GaronggangNews.Id | Laporan global organisasi "Save the Children" bertajuk "Born into the Climate Crisis" menyatakan krisis iklim di Indonesia membawa dampak nyata dan dirasakan oleh anak-anak saat ini.
"Studi kami sangat jelas menggambarkan bahwa anak-anak menanggung beban berat karena tumbuh dalam situasi yang mengancam dan anak memiliki beragam faktor yang membuat mereka lebih rentan secara fisik, sosial, dan ekonomi," kata Ketua Pengurus Yayasan Save the Children Indonesia Selina Patta Sumbung dalam keterangan tertulis yang diterima Sabtu (23/4).
Baca Juga:
Pesta Raya Flobamoratas, Ajang Festival Mendekatkan Isu Perubahan Iklim kepada Masyarakat Luas
Berdasarkan laporan global yang dirilis bulan September 2021 tersebut, dijelaskan bahwa anak-anak di Indonesia yang lahir tahun 2020 berisiko menghadapi 3 kali lebih banyak ancaman banjir dari luapan sungai.

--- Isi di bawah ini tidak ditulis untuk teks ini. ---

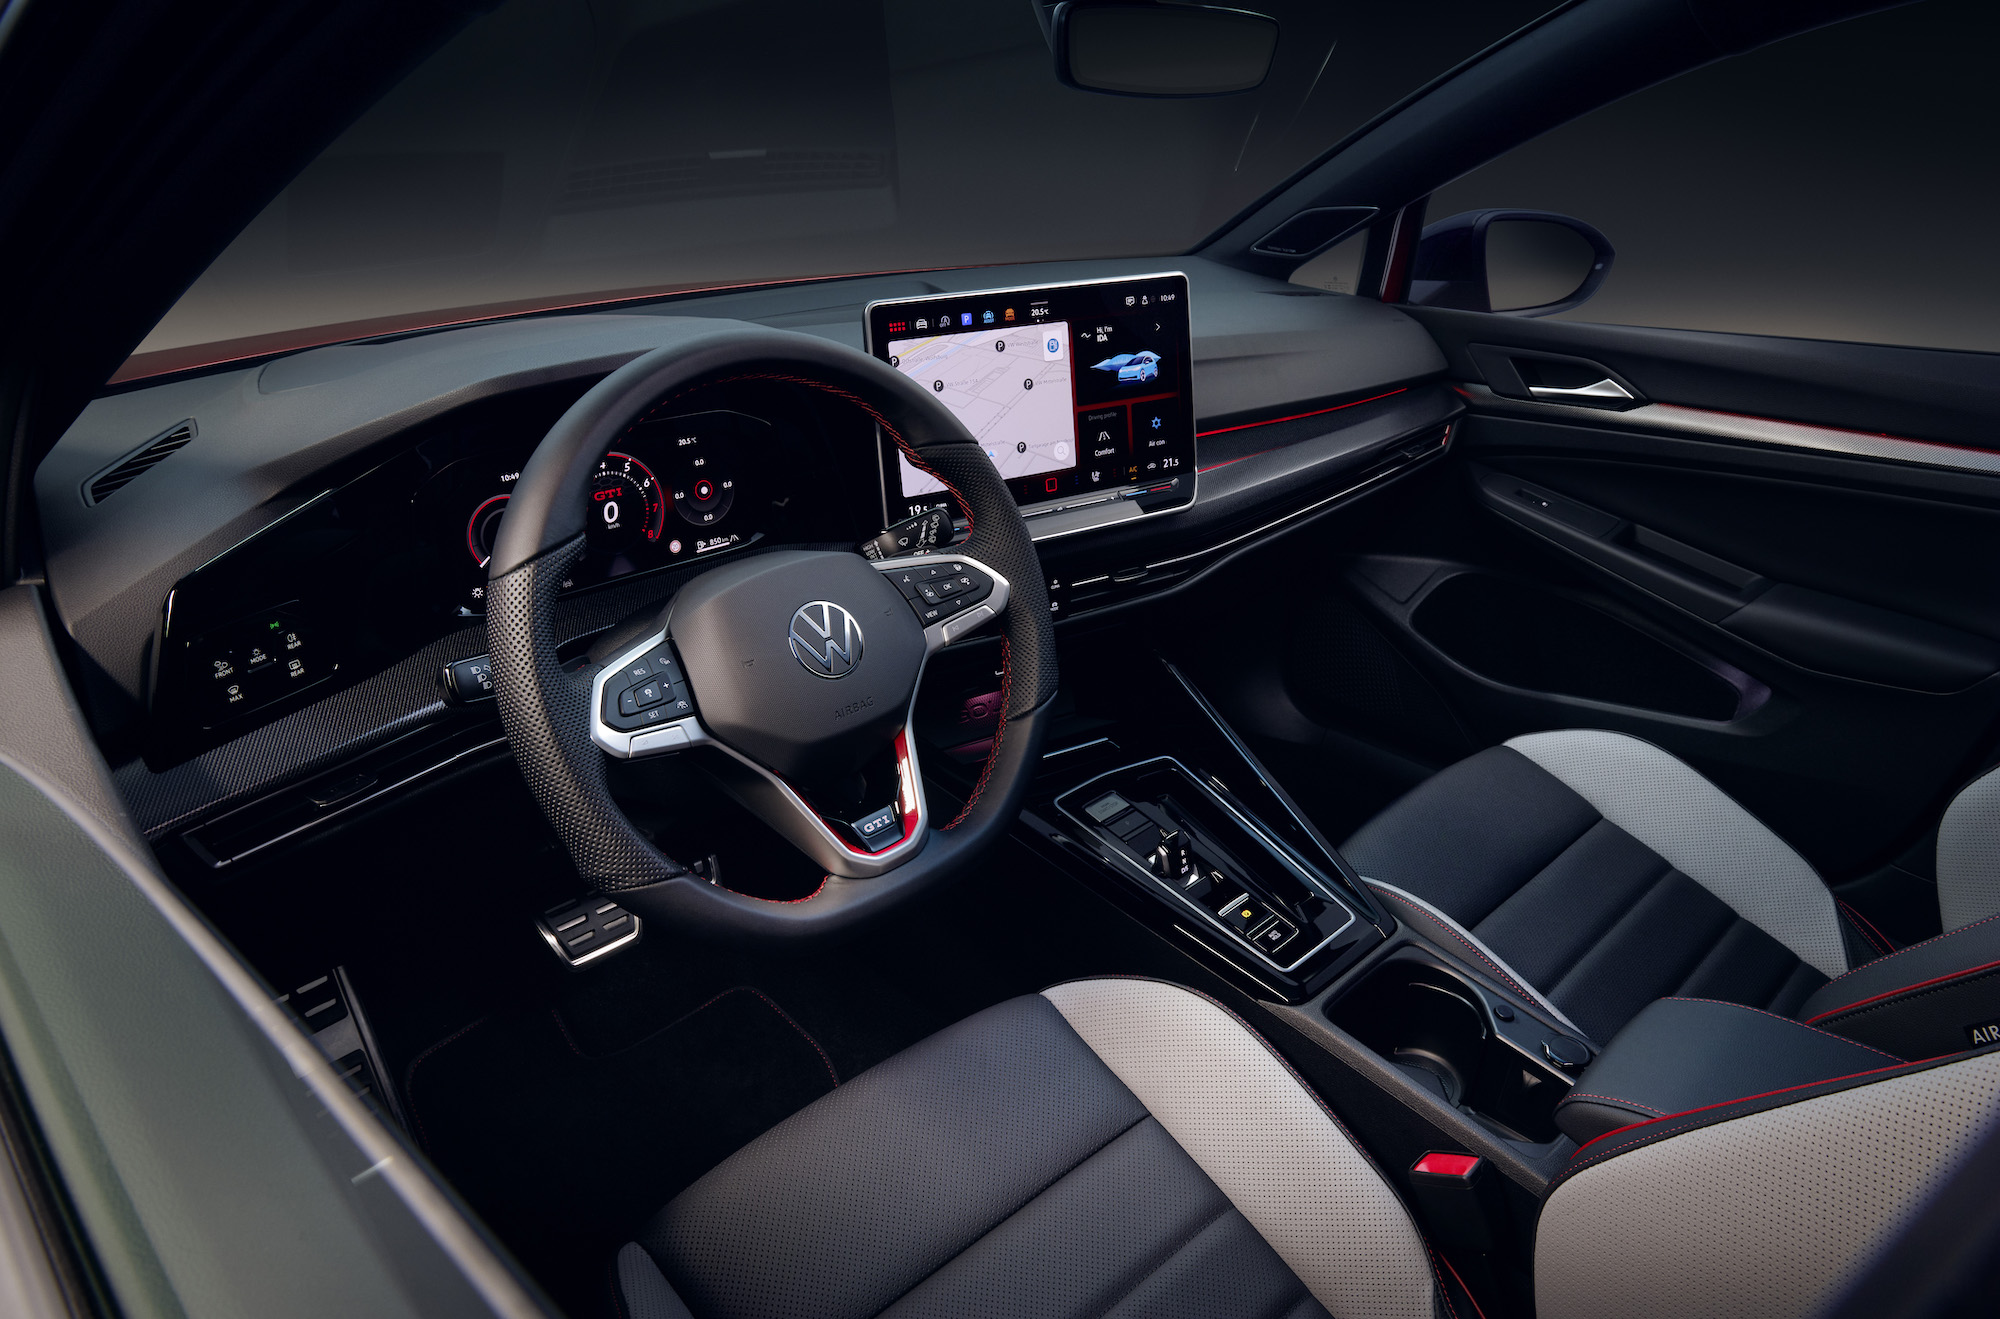 Une image montrant l'intérieur d'une nouvelle Volkswagen Gold, y compris le volant et l'écran tactile.

Selanjutnya 2 kali lebih banyak mengalami kekeringan serta 3 kali lebih banyak gagal panen dan lebih buruk lagi, dampak krisis iklim membuat jutaan anak dan keluarga jatuh dalam kemiskinan jangka panjang di Indonesia.
Secara nasional, hasil prediksi iklim sepuluh tahunan laporan global "Save the Children" menunjukkan bahwa akan terjadi pengurangan jumlah curah hujan selama El Nino.
Baca Juga:
Hadapi Krisis Iklim Global di NTT, VCA Gelar Dialog Publik Bertajuk "Suara Bae Dari Timur"
Berdasarkan prediksi peluang terjadinya peristiwa cuaca kering ekstrem pada 2020-2025, beberapa wilayah diperkirakan akan mengalami cuaca ekstrem di atas normal.
Pada 2020, Laporan Badan Nasional Penanggulangan Bencana (BNPB) terkait kejadian bencana menyebutkan terdapat sebanyak 4.650 total kejadian bencana alam dan 99,2 persen merupakan kejadian bencana yang berasosiasi dengan faktor iklim dan cuaca.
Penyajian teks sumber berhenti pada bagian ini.